Yangwang U9 Xtreme Becomes Fastest Car in the World, hits 308mph!
BYD’s luxury performance offshoot, Yangwang, has taken a definitive lead in the speed wars. Its U9 Xtreme hypercar recently reached 308.4 mph (496.22 km/h) at ATP Papenburg in Germany, driven by Marc Basseng. This run overtook the Bugatti Chiron Super Sport 300+ record of 304.77 mph from 2019.

The U9 Xtreme’s hardware pushes existing EV tech toward its limits. Its powertrain includes four electric motors producing just under 3,000 hp, riding on a 1,200-volt electrical architecture rather than the standard 800 volts found in many EVs.
The battery uses BYD’s Blade Lithium Iron Phosphate design; semi-slick tires and an upgraded active suspension system (“DiSus-X”) help with stability at extreme speed.
Only 30 units of the U9 Xtreme will be produced globally.
That limited run makes this more than a feat of engineering; it becomes a statement about where EV performance can go. BYD has been pushing toward higher voltages, better thermal management, torque vectoring, and improved aerodynamics. This record run shows that those incremental improvements are now combining to beat what was once thought almost untouchable.
There are caveats. That speed was reached in a one-way run, not the two-way average used in certain official land speed records.
There are also engineering trade-offs: tyres, battery cooling, and aerodynamic stability all become far more difficult at such high velocities.

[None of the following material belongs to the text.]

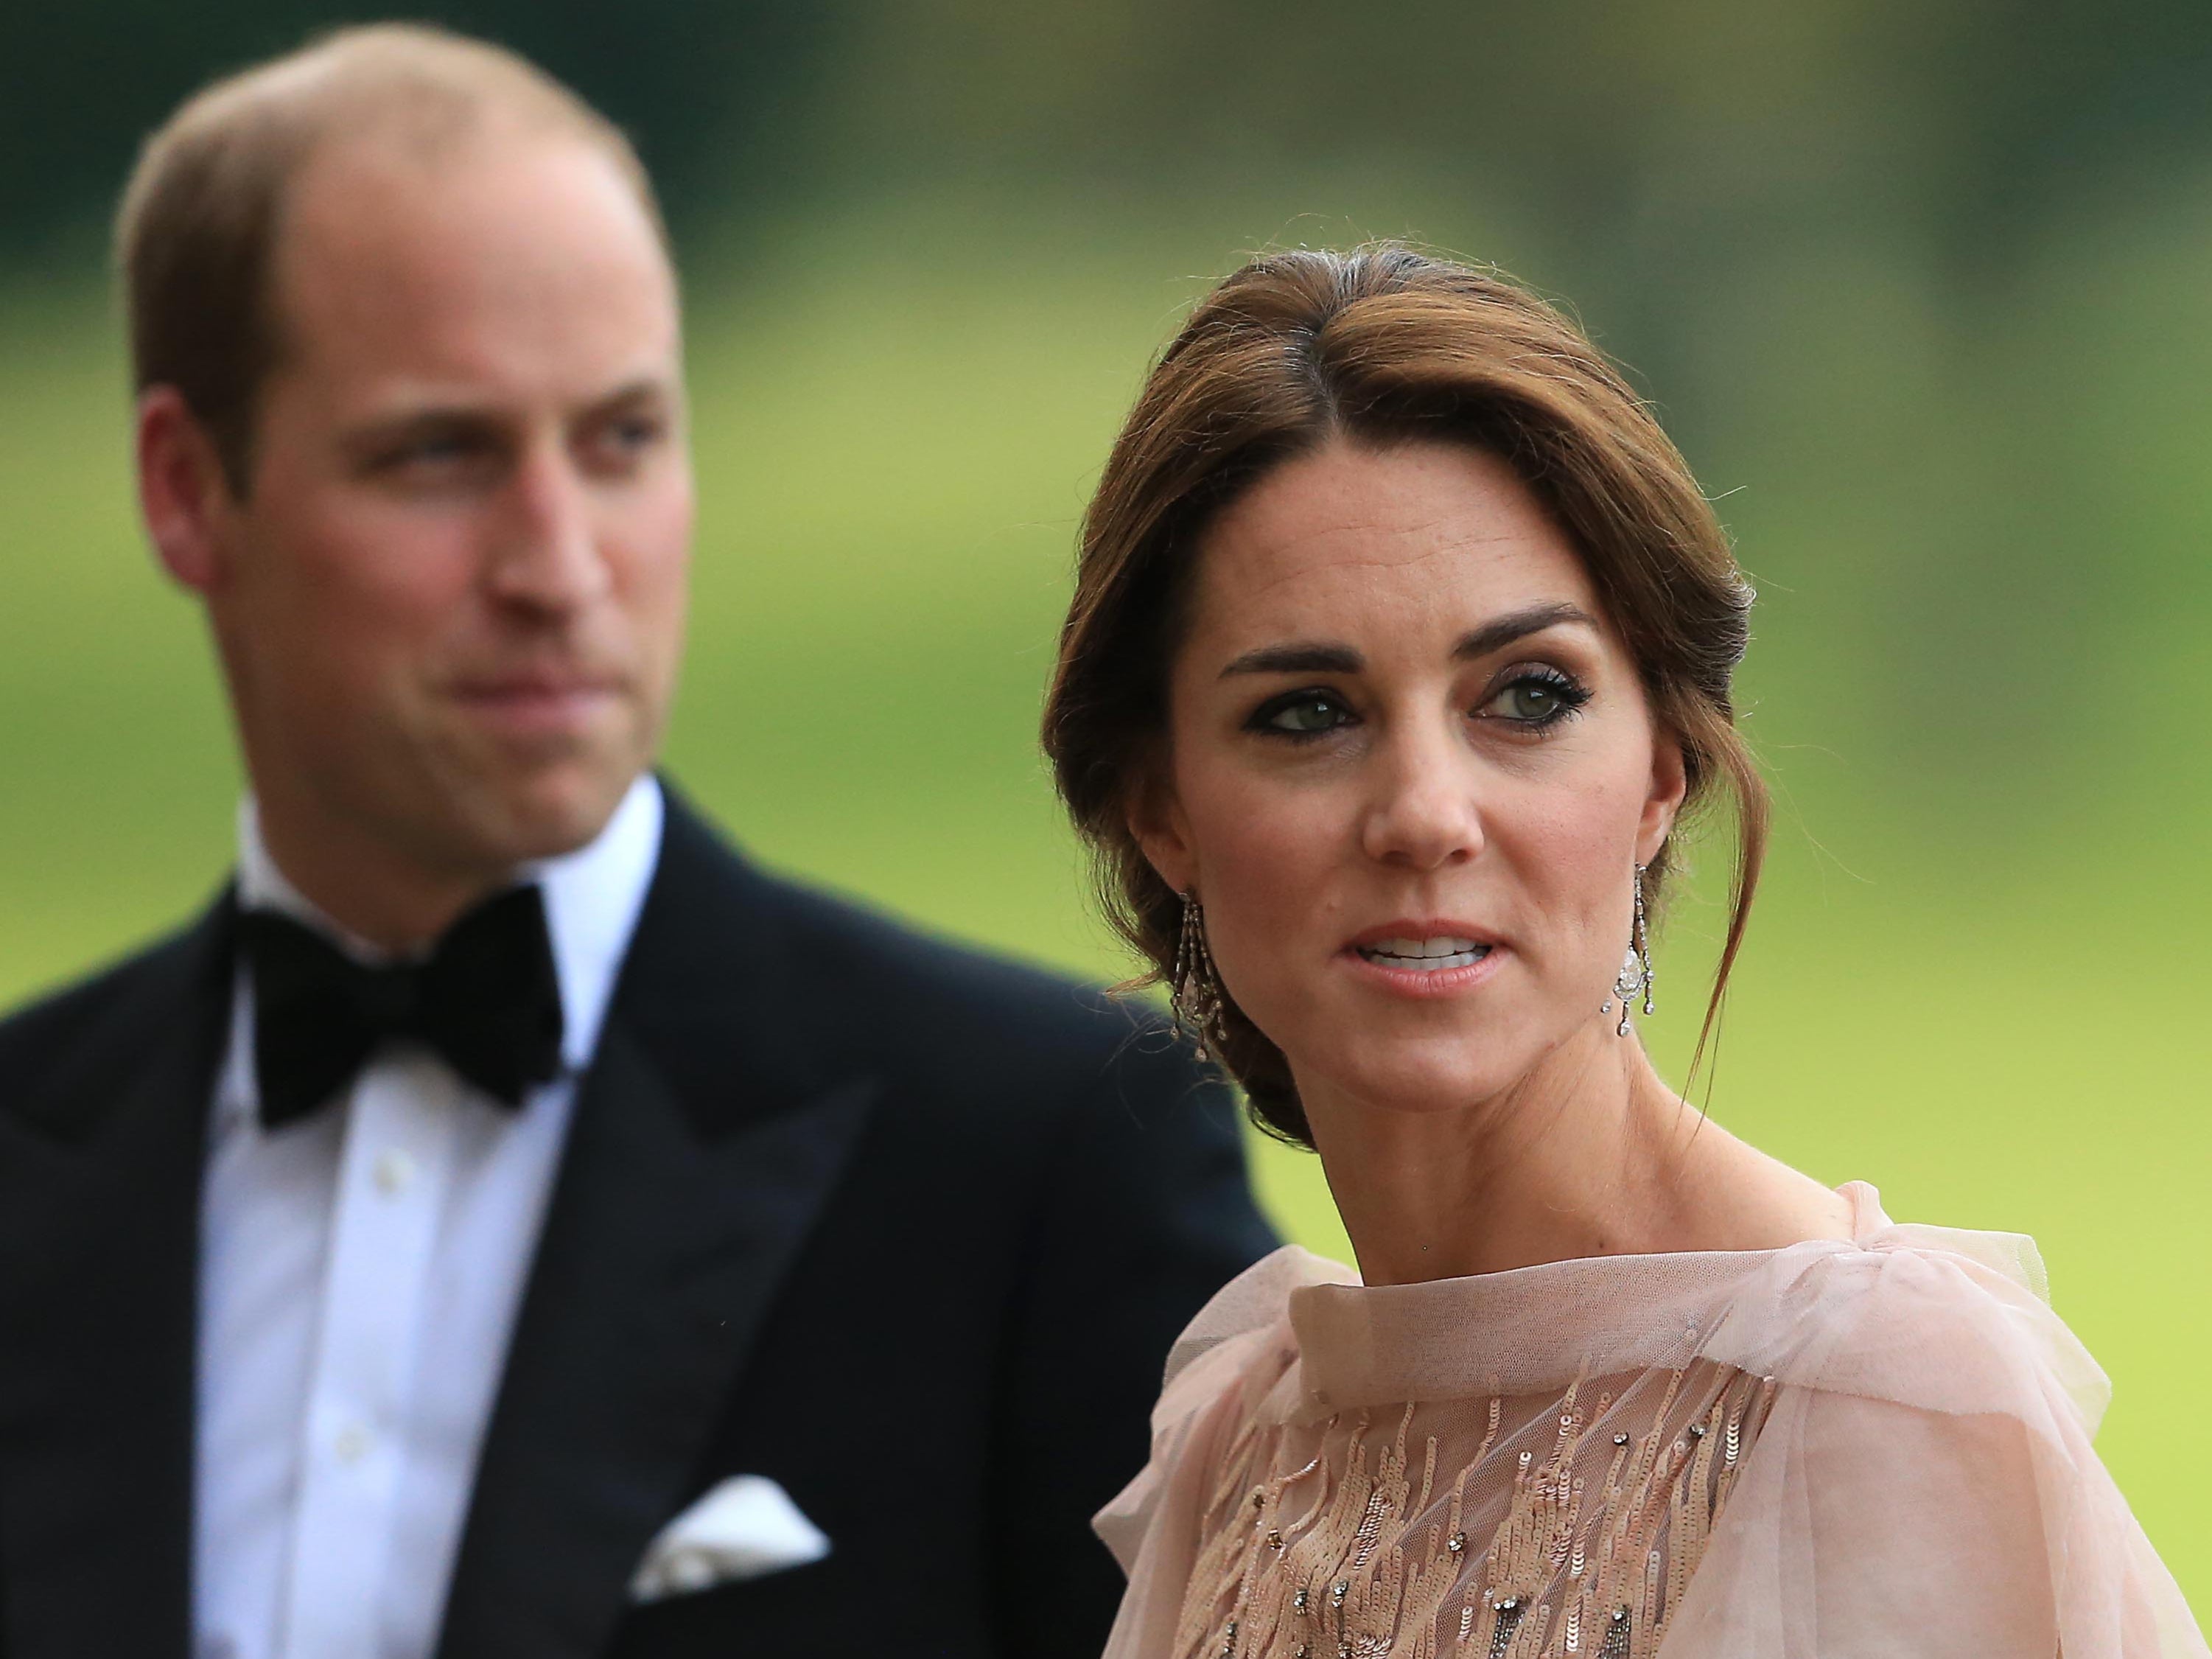 Prince William meeting Kate Middleton will feature in ‘The Crown’ season six
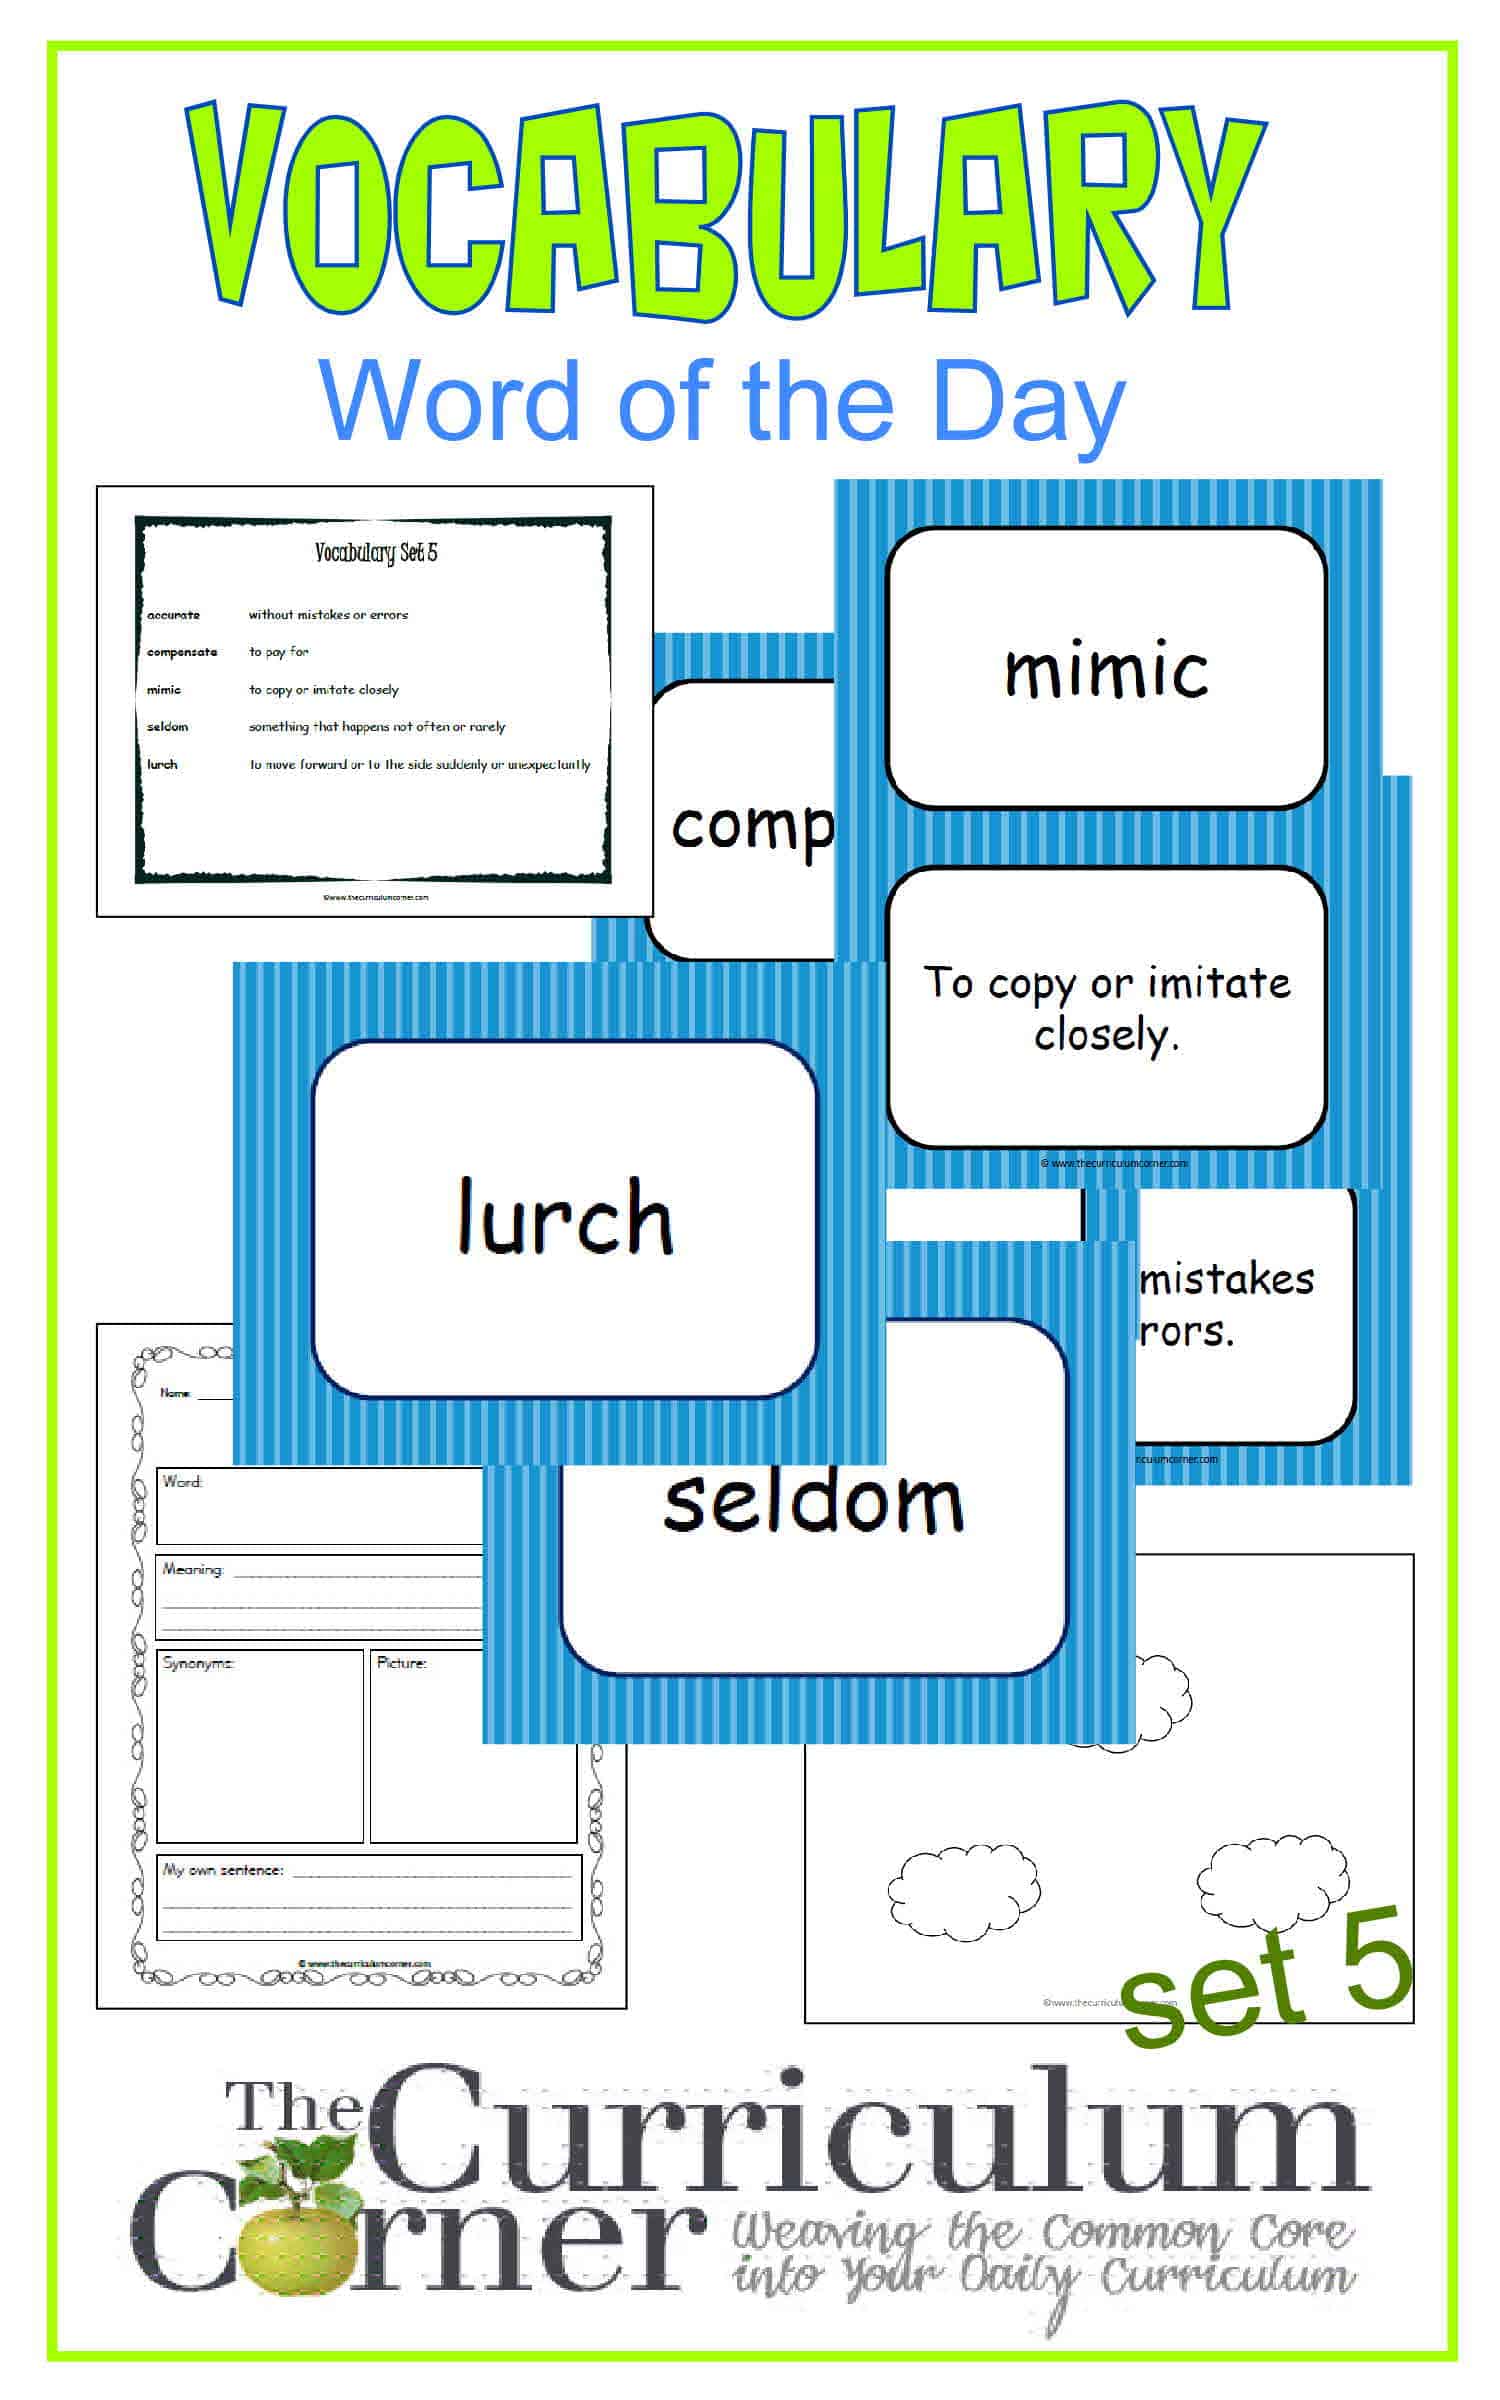 vocabulary-word-of-the-day-set-5-the-curriculum-corner-4-5-6

Still, placing this alongside combustion engine legends shows that EVs aren’t just catching up, they are surpassing old benchmarks where it matters most.
For the industry, this signals several things.
- First, high-voltage powertrains are no longer experimental; they are becoming necessary for pushing EV limits.
- Second, battery chemistry (LFP/Blade in this case) and packaging must evolve, since heat and discharge rates are harsh under top speed stress.
- Third, limited-production hypercars like U9 Xtreme serve dual purposes: technical proving grounds and brand halo vehicles that shift perception.
Competitors will now be forced to respond. Names like Koenigsegg, Rimac, Bugatti, and others are likely evaluating whether they can match or beat 308.4 mph while also addressing range, cost, and reliability. BYD has laid down a marker: extreme speed can go electric without compromises that were once considered unavoidable.